Deputy Vega was successful in a trial which was later declared a mistrial. He then won the trial that followed. The case was then an appeal before the Ninth Circuit, which reversed the decision and ordered another trial, this time with the same set of rules that had not previously been used in Miranda and ensured a victory for Tekoh. This resulted in an appeal to the Supreme Court taking the case. SCOTUSBlog provides a well-written account about the oral argument, though I would imagine that the writer is chewing up the furniture and baseboards over the decision.
What the court decided was that a violation of the Fifth Amendment is a constitutional violation that can make you appear in the court with a “SS1983” claim, but the Miranda warning is not an exception to the Fifth Amendment.
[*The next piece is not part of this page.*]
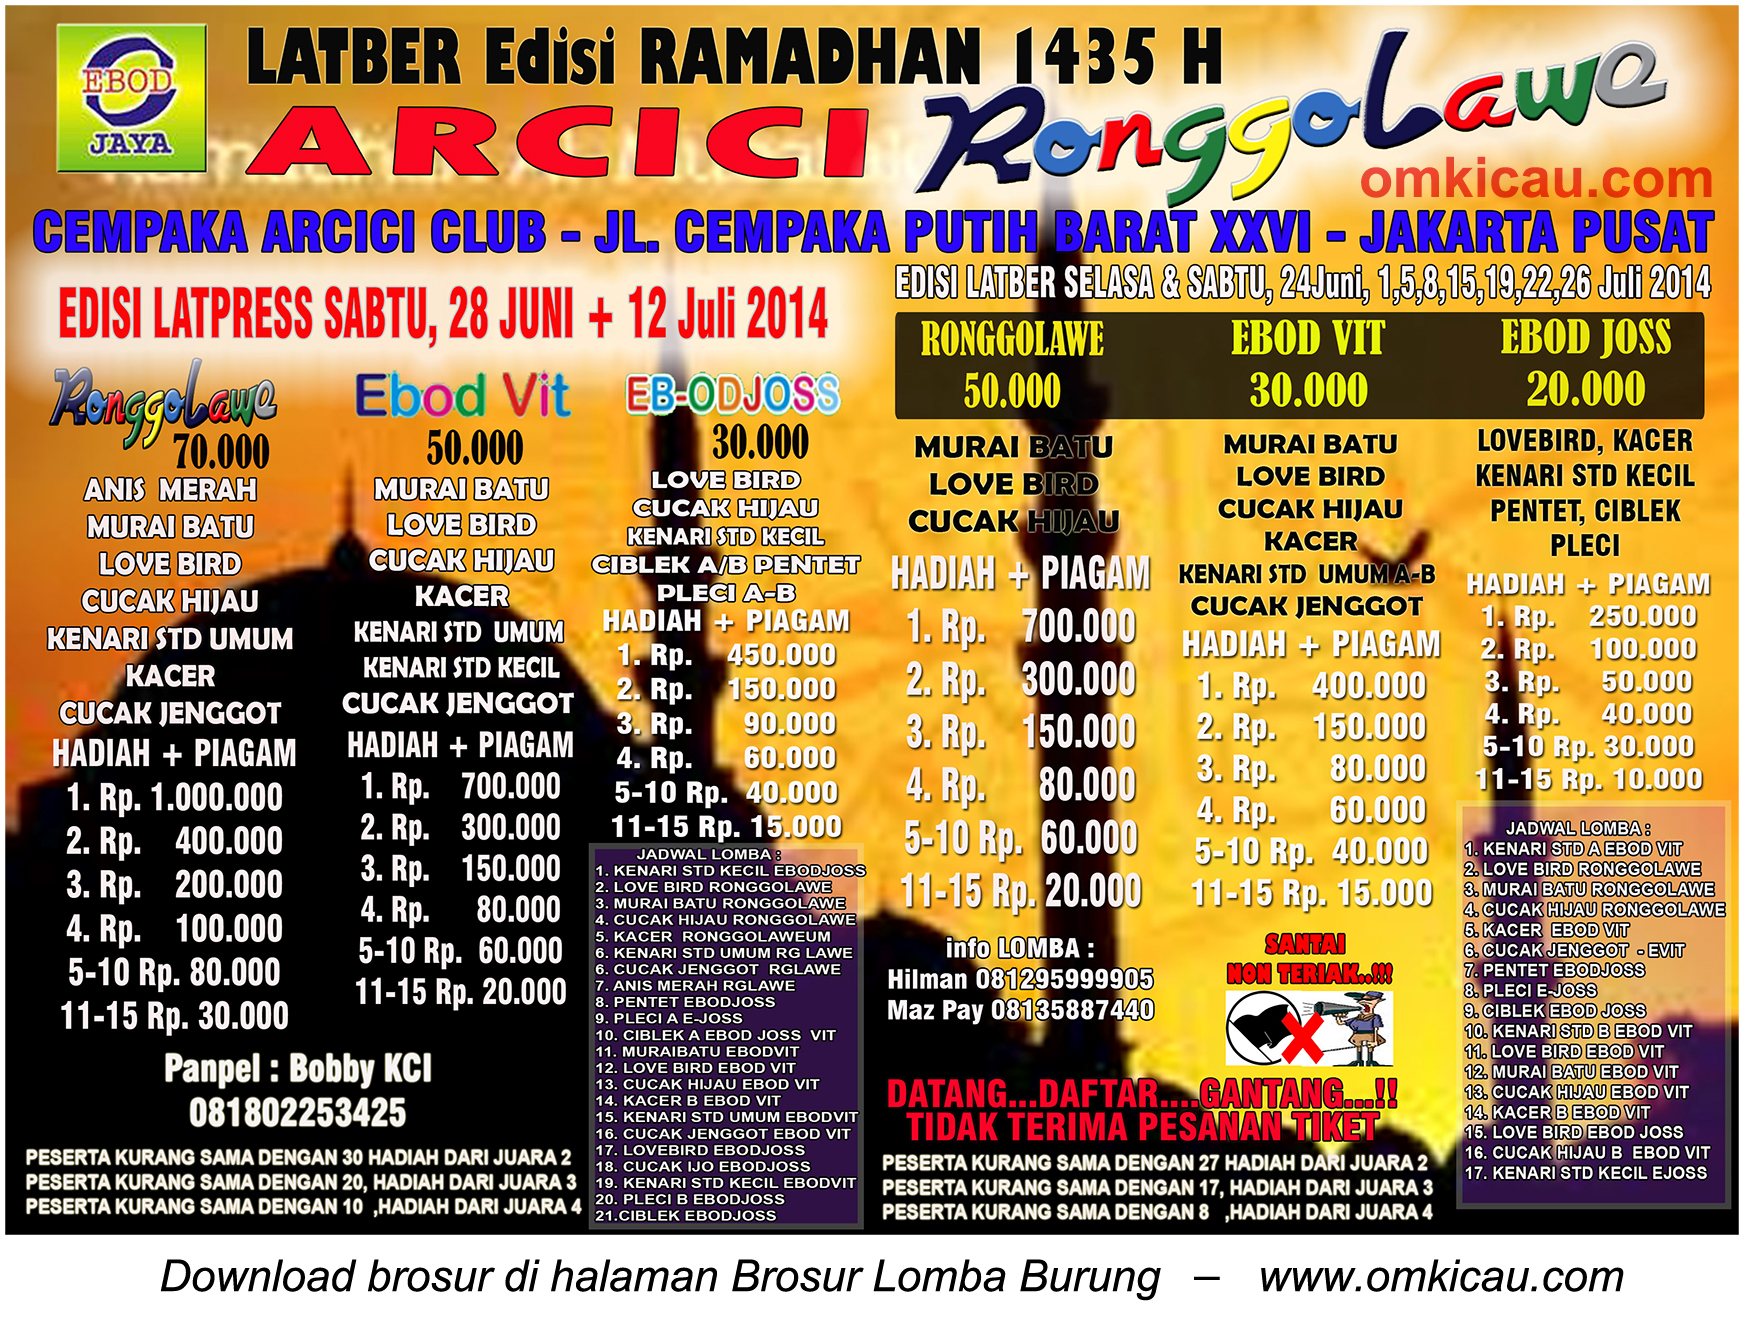 Brosur Latpres Arcici Ronggolawe Edisi Ramadhan, Jakarta Pusat, 28 Juni 2014

Additionally, two trial judges allowed Tekoh's declaration as evidence even though the absence of a Miranda warning. That alone will tell you that this case is about broadening the reach of SS1983 in litigation, and is not related to the Fifth Amendment.
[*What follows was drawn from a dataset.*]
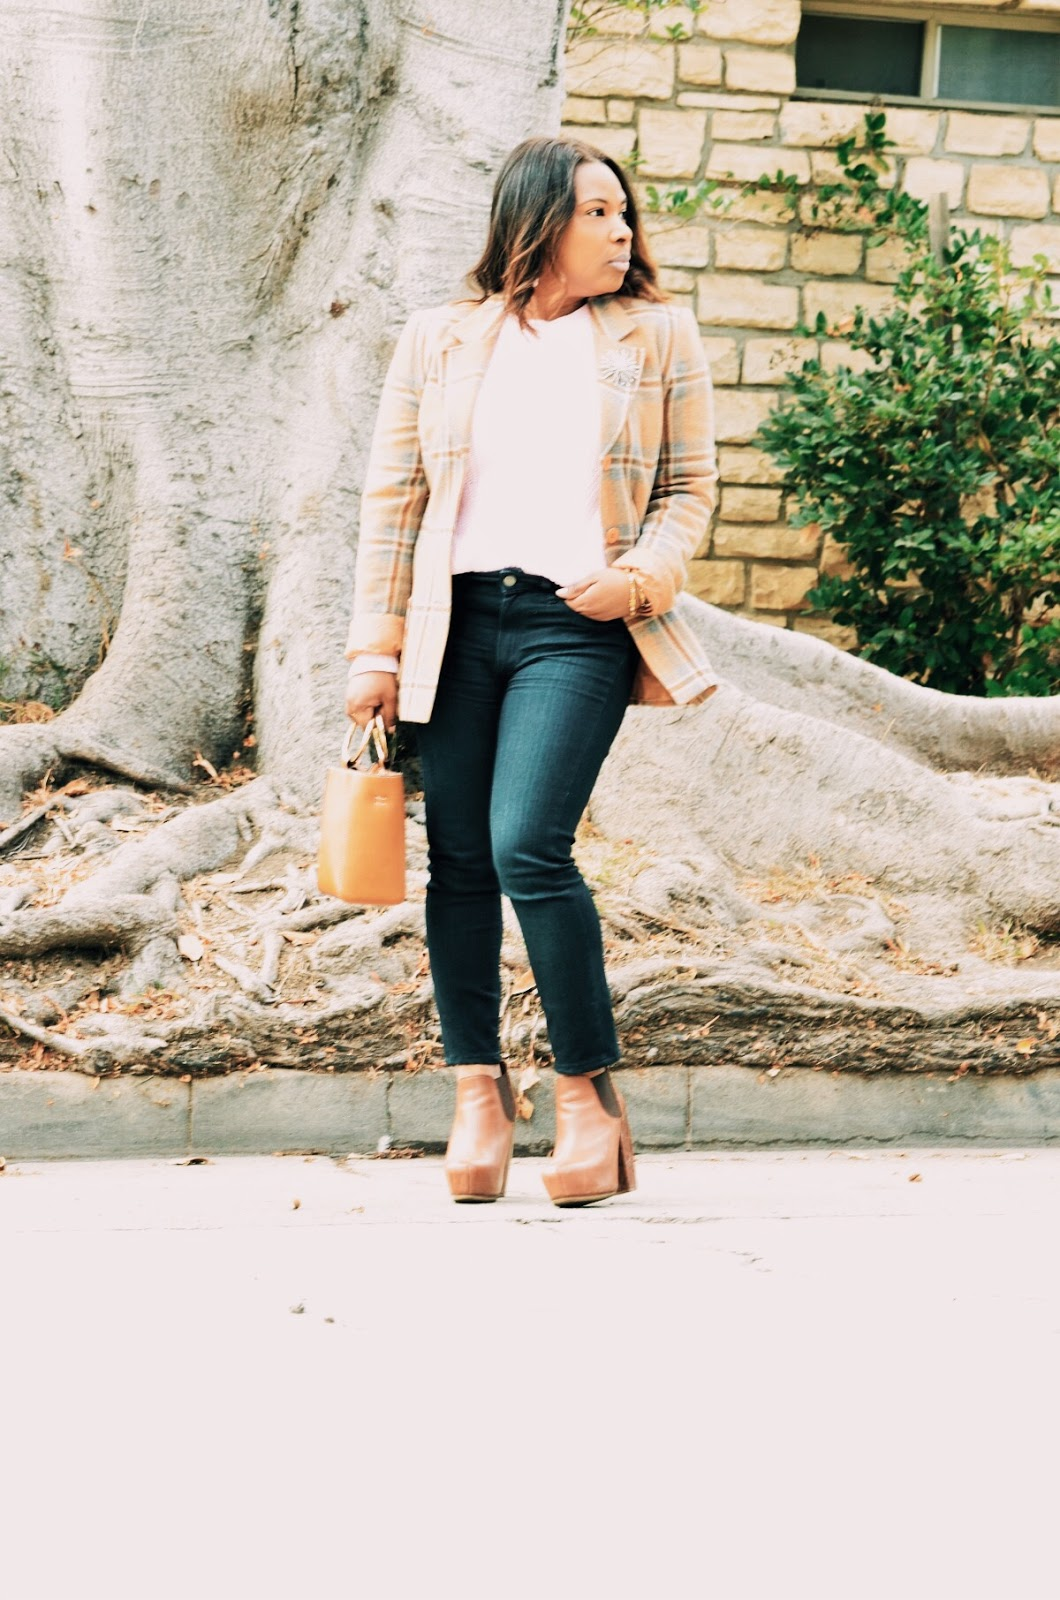 BCBG-Plaid-Jacket-Topshop-Two-tone-tan-ankle-booties-Paige-Denim-Skinny-Jeans-Mango-Crossbody-Mini-Bag-Jacket-Brooch-pin

Miranda is based on a practical decision about what is required to prevent the infringement at hearing of the Fifth Amendment right against compelled self-incrimination. The purpose of this prophylactic action is met by the suppression in the trial of testimony that is obtained by evading Miranda as well as by the application of the decision in other contexts that are recognized. If a victim of a Miranda breach can bring suit against a police official for damages in accordance with SS1983 will have no additional impact on deterrence, and the possibility of these claims could cause a lot of difficulties.
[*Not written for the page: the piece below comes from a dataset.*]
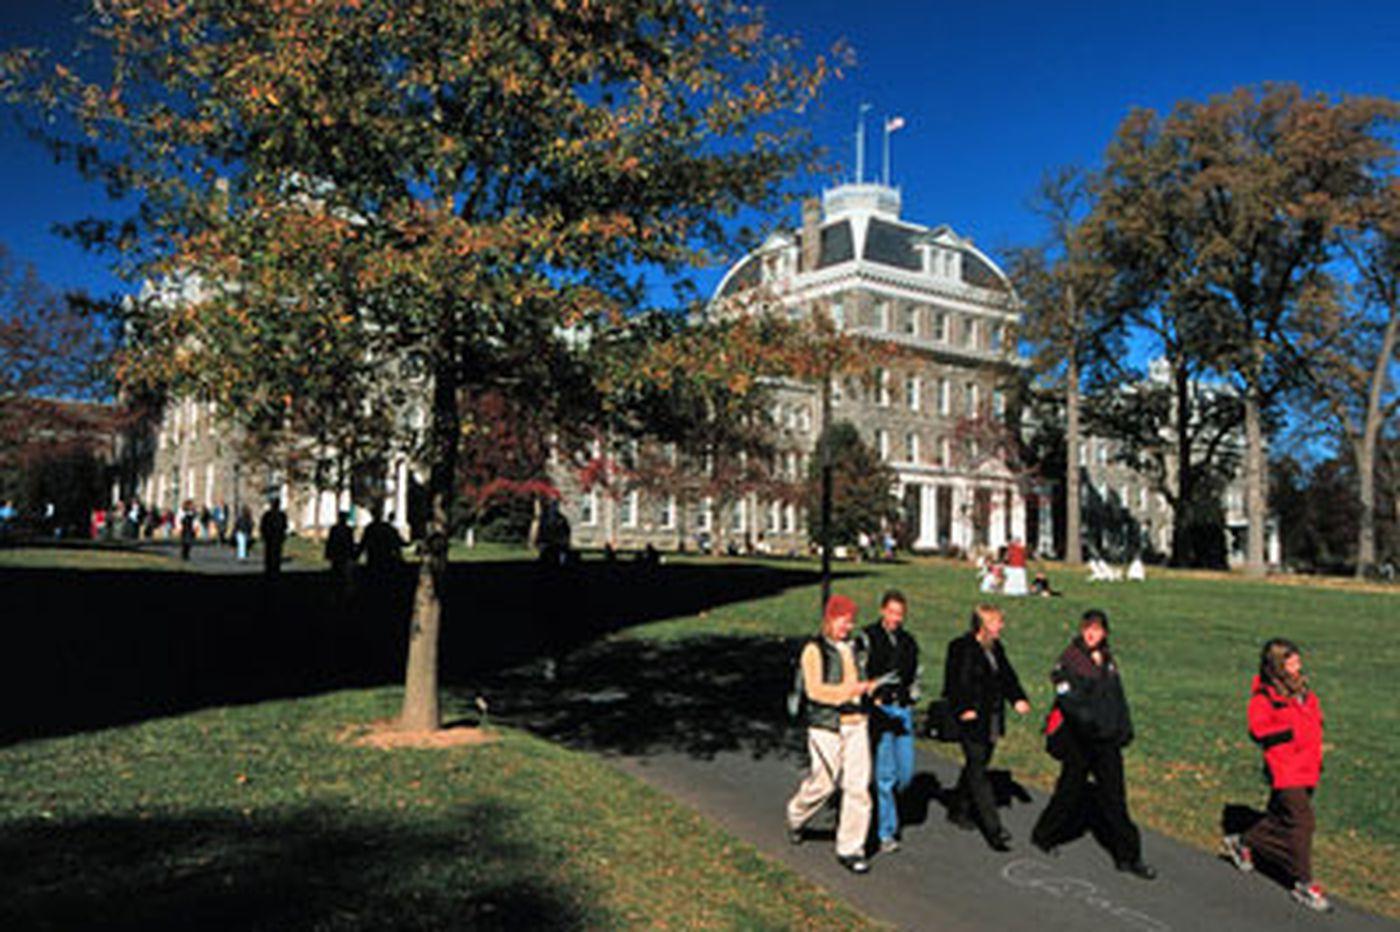 High ranks for Swarthmore

The acceptance of a claim such as Tekoh's could be detrimental to “judicial economy,” Parklane Hosiery Co. v. Shore, 439 U. S. 322, 326 (1979) which requires the federal judge or jury to determine a factual matter (whether Tekoh was in custody at the time of questioning) that was previously determined by a state court. The re-adjudication of this case would not just be inefficient, but it could also undermine legality by removing the “‘strong judicial policy against the creation of two conflicting resolutions'” that is based on the same facts. Heck v. Humphrey, 512 U. S. 477, 484 (1994). It could also cause “unnecessary friction” between the courts of the state and federal by making it necessary for the federal court that is hearing claims like the SS1983 claim to make a decision on factual and legal issues that have been settled by state courts. See Preiser v. Rodriguez, 411 U. S. 475, 490-491 (1973).
The possibility of allowing SS1983 lawsuits to be based on Miranda claims may also bring up numerous procedural questions including whether a federal court that is considering the SS1983 claim is required to pay consideration to a trial judge's facts; whether the forfeiture rules and other plainerror laws are carried over to the trial in the case of a criminal, whether harmless error rules are applicable; and the possibility of civil damages in cases where the statement was not made public and did not have any impact on the result of the criminal trial.
In essence, Miranda is exactly what it always has been. Nothing a leftist writes is going to alter this.